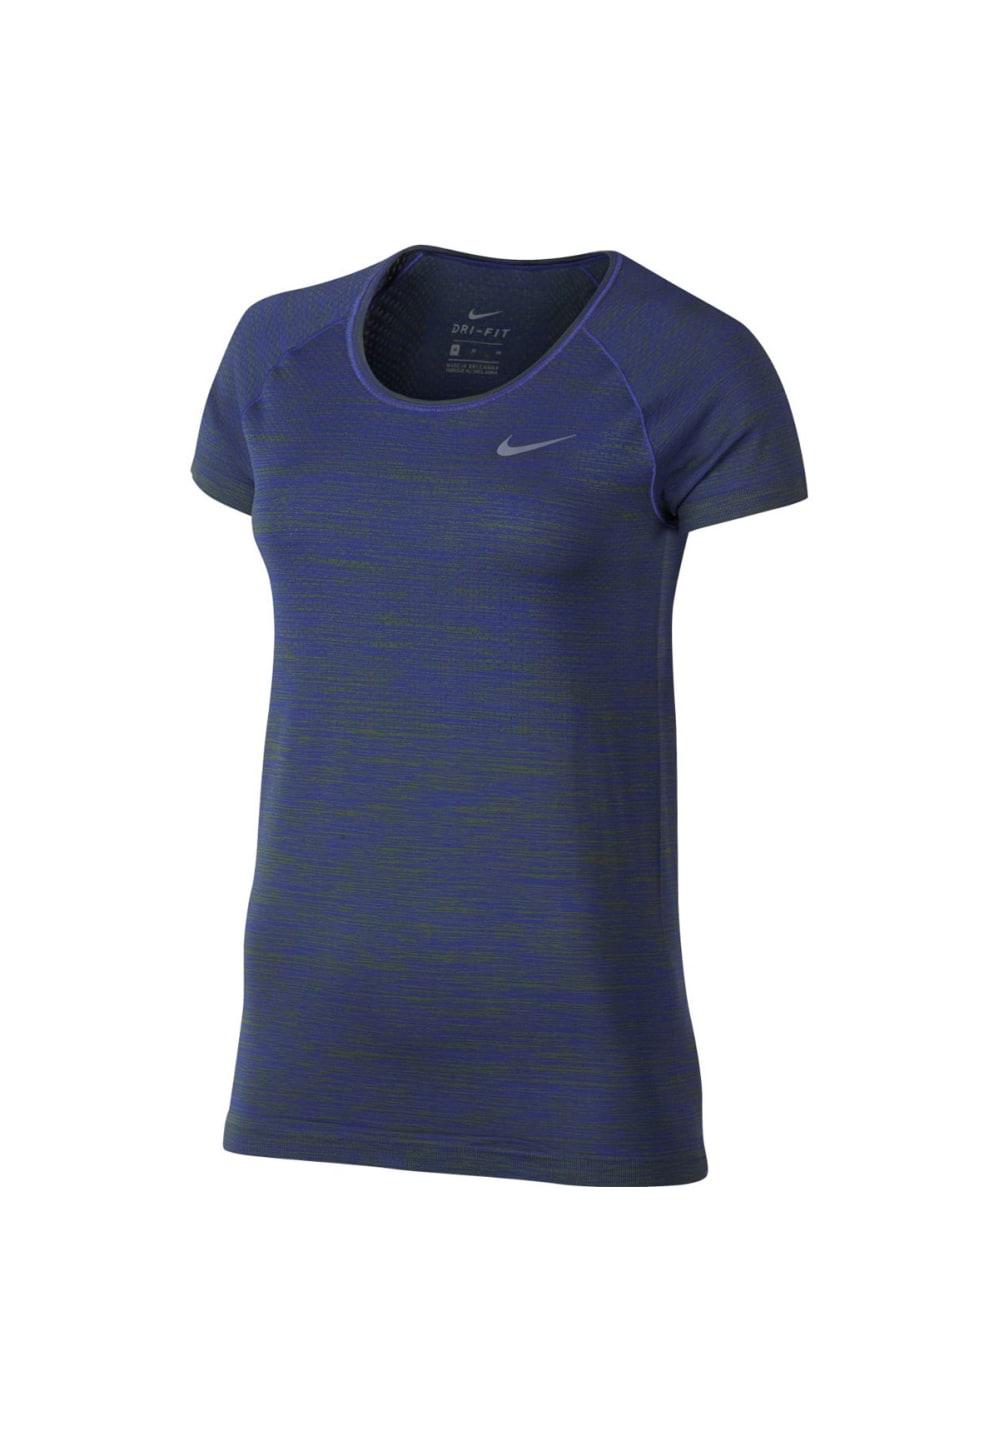 Nike Dri-Fit Knit Tee - Laufshirts für Damen - Blau, Gr. XS
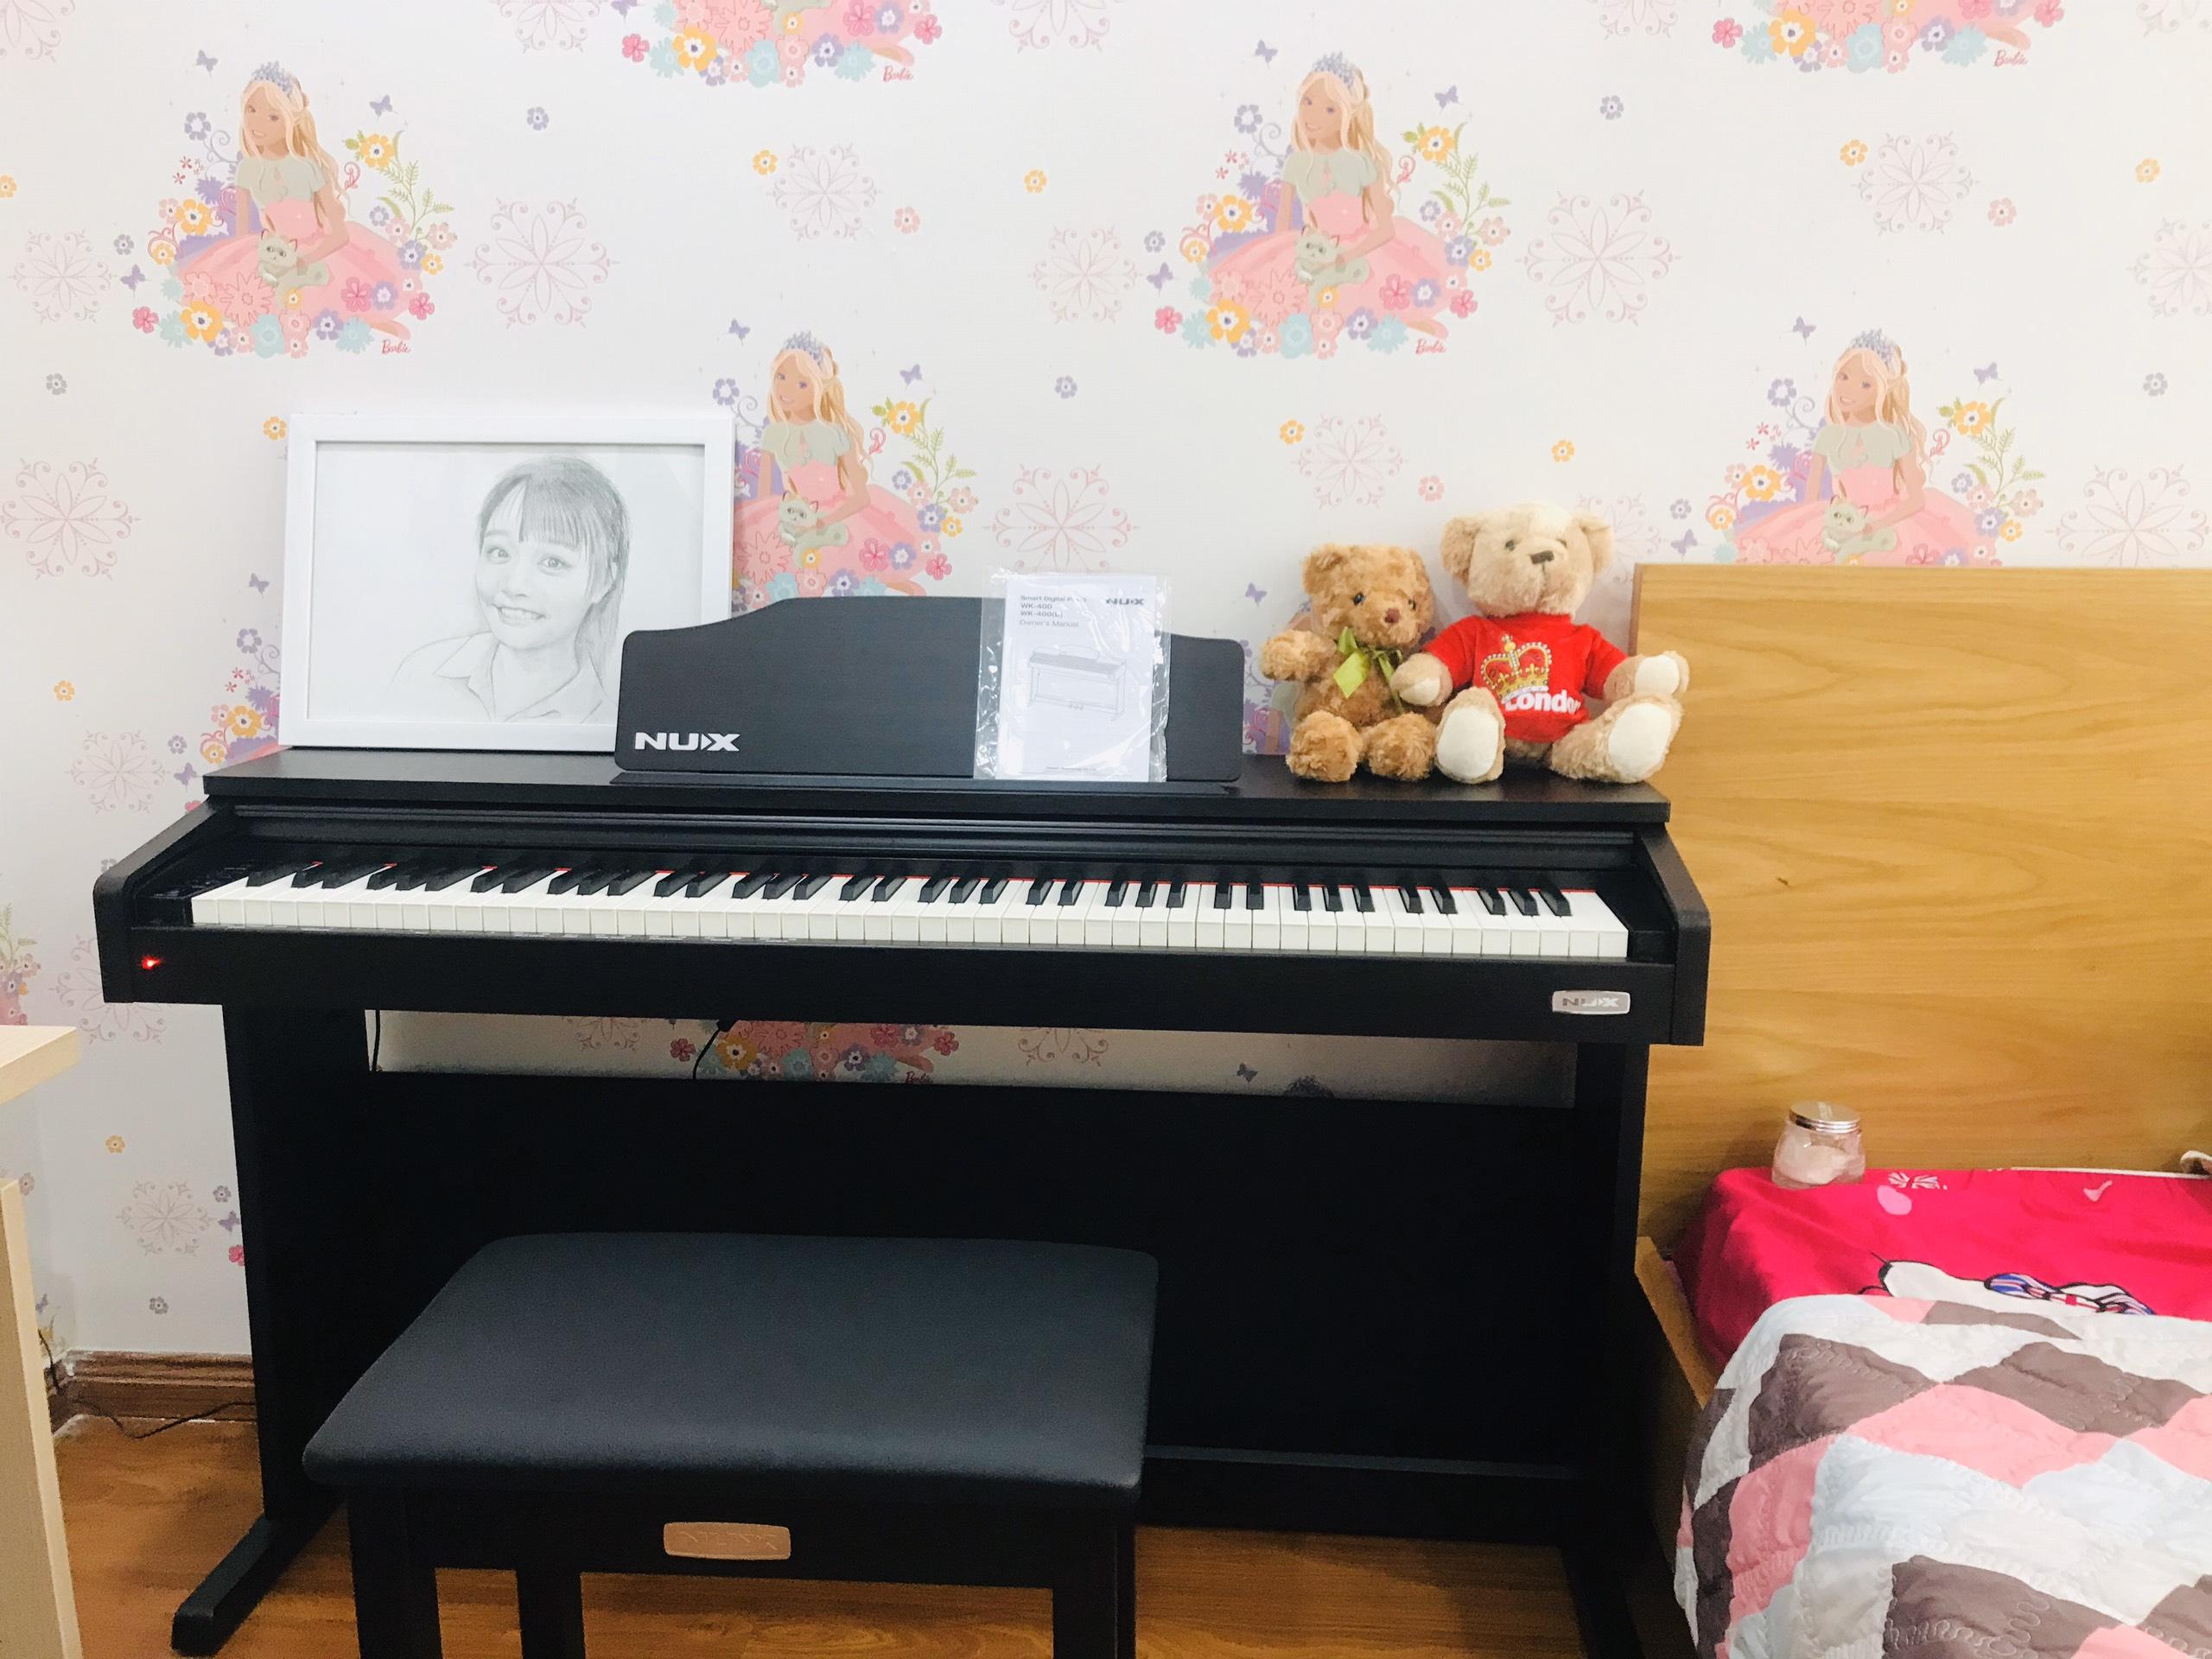 NHÀ CUNG CẤP PIANO NUX
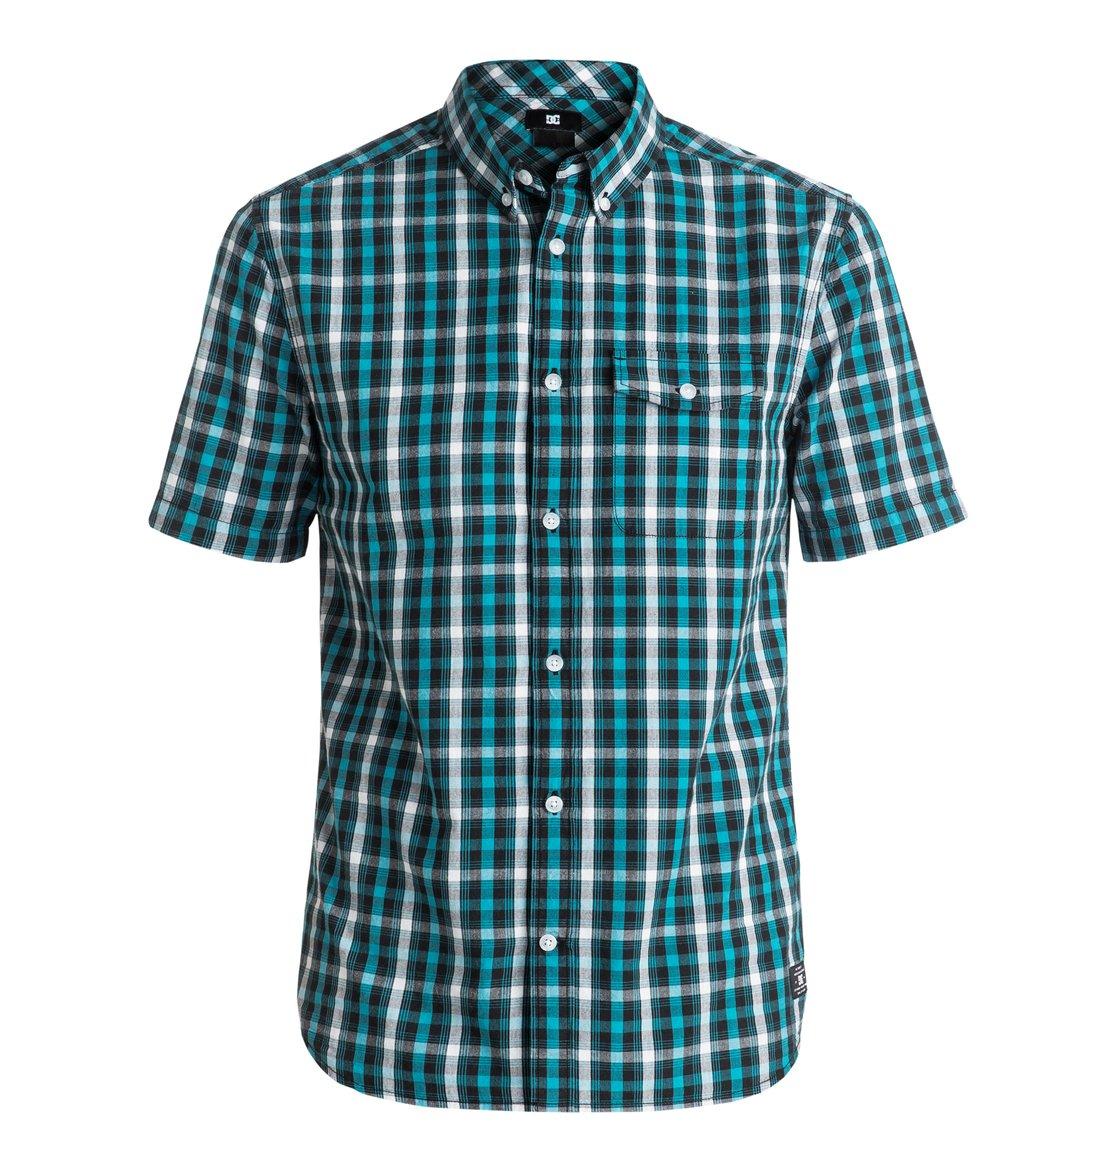 Рубашка Atura 5 с коротким рукавом рубашка в клетку детская dc atura 2 atura formula
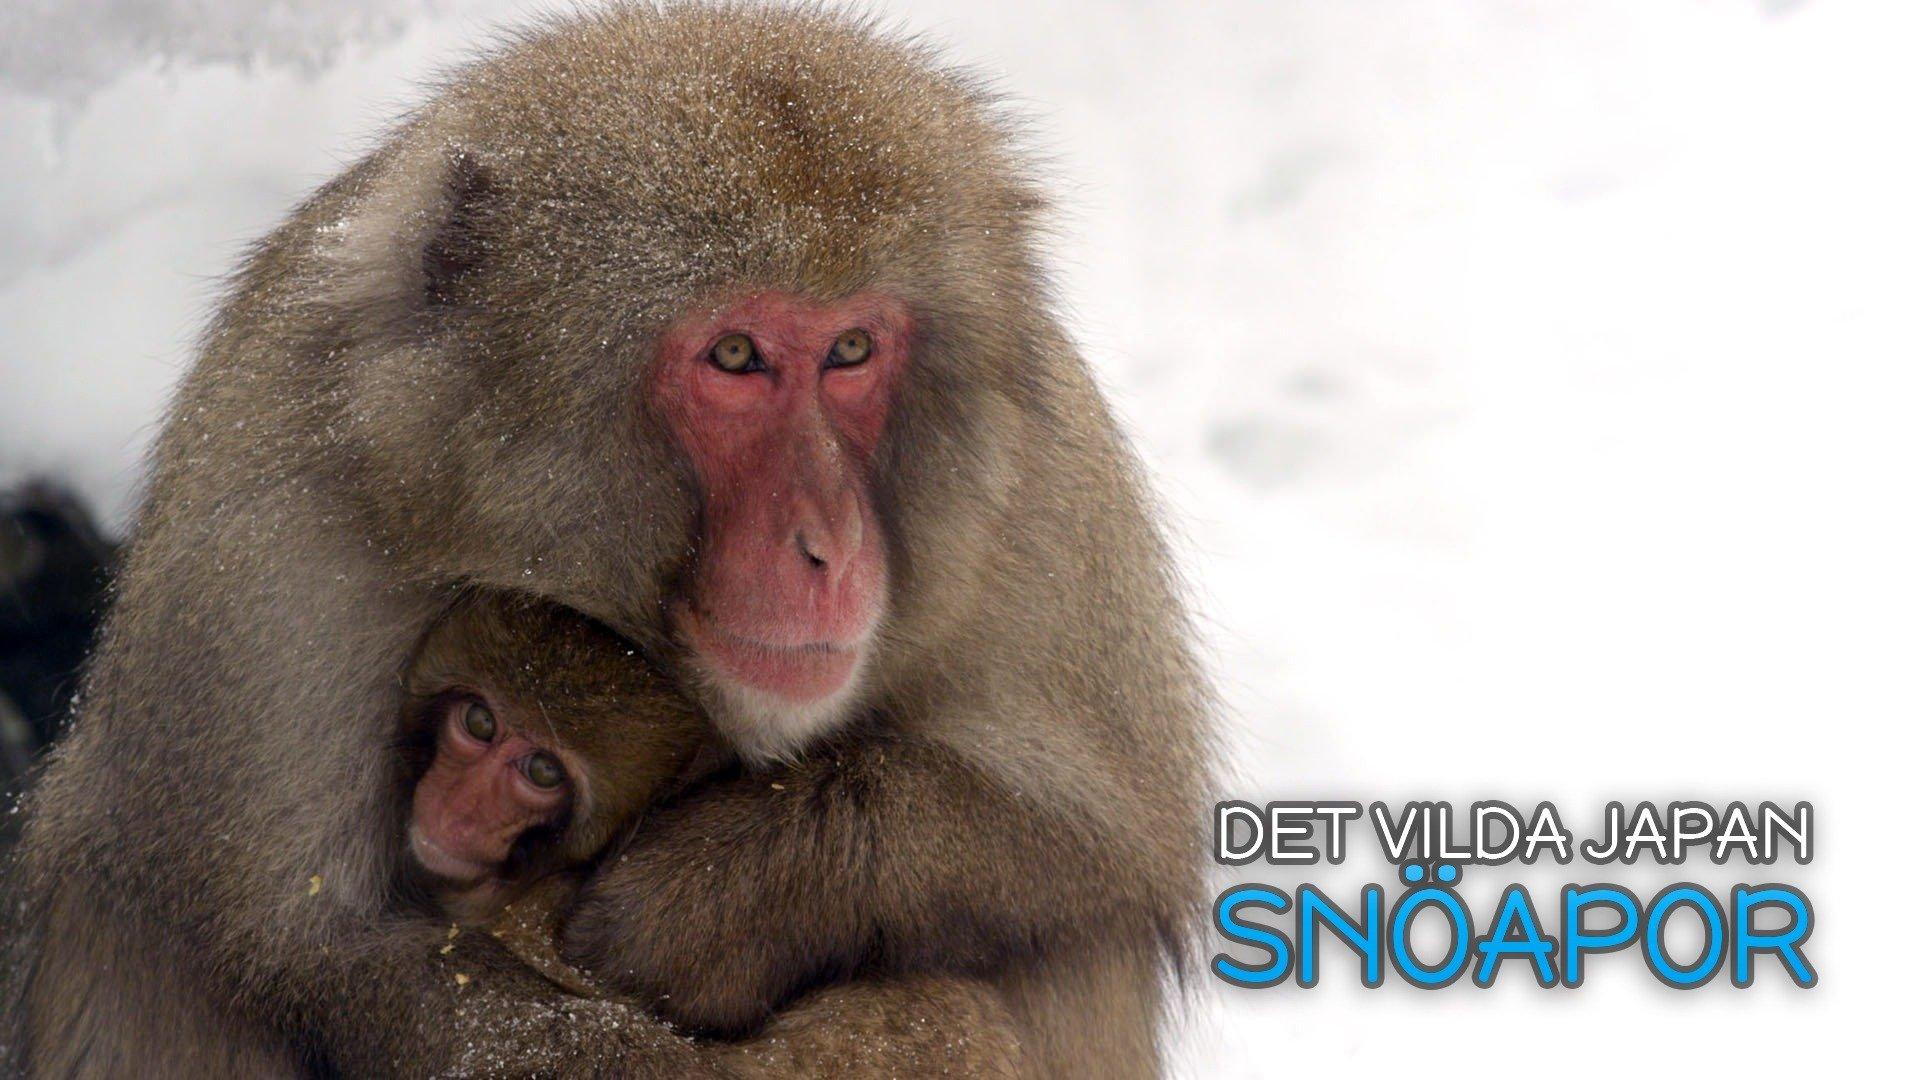 Det vilda Japan: Snöapor
■ ■ ■ ■ ■ ■ ■
Exercise description -
Here the job is to print the data above exactly, except for any pictures.

Reply to the task -
 Nike Dri-Fit Knit Tee - Laufshirts für Damen - Blau, Gr. XS
 NHÀ CUNG CẤP PIANO NUX
 Рубашка Atura 5 с коротким рукавом рубашка в клетку детская dc atura 2 atura formula
 Det vilda Japan: Snöapor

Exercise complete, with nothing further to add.